Documented in read_incidence

#' Read incidence data
#'
#' Reads in incidence data. Checks and organises columns for use with the Slope-Hunter analyses. Infers p-values when possible from beta and se.
#'
#' @md
#' @param filename Filename (formatted as .gz, .csv or .txt). Must have header with at least the `SNP`, `beta`, `se` and `EA`columns present.
#' @param snp_col Required name of column with SNP rs IDs. The default is `"SNP"`.
#' @param beta_col Required name of column with effect sizes. The default is `"BETA"`.
#' @param se_col Required name of column with standard errors. The default is `"SE"`.
#' @param pval_col Name of column with p-value (optional).
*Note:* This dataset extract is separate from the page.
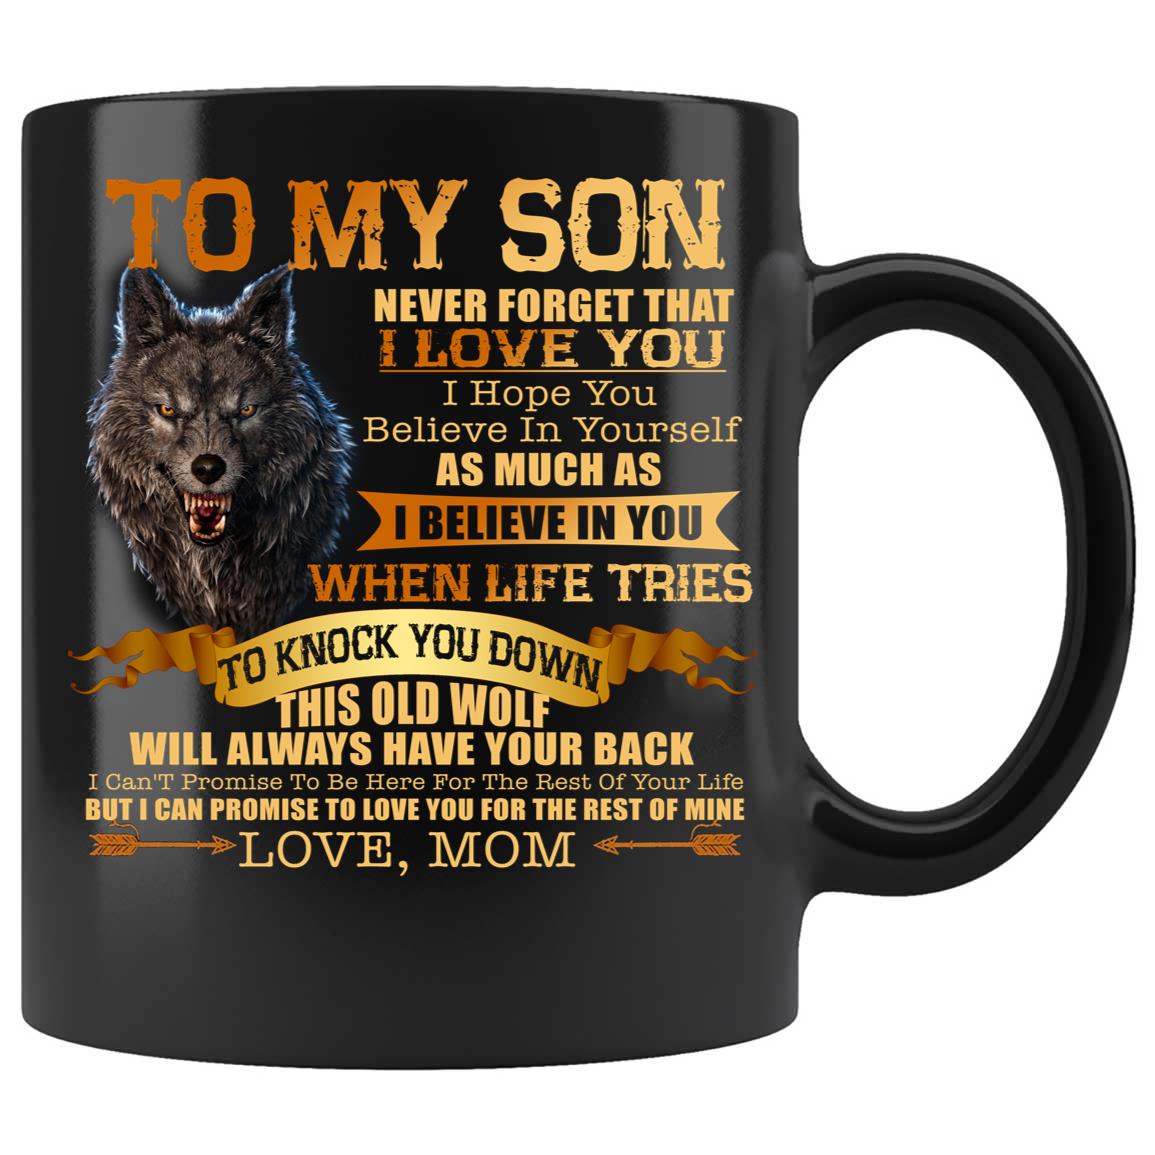 Skitongifts Funny Ceramic Coffee Mug Novelty M26-Nh181221-Wolf, To My Son From Mom, Never Forget That I Love You Ubogecs

The default is `"PVAL"`. It will be Inferred when possible from beta and se.
#' @param eaf_col Name of column with effect allele frequency (optional). The default is `"EAF"`.
#' @param effect_allele_col Required for harmonisation. Name of column with effect allele. Must be "A", "C", "T" or "G". The default is `"EA"`.
#' @param other_allele_col Required for harmonisation. Name of column with non-effect allele. Must be "A", "C", "T" or "G". The default is `"OA"`.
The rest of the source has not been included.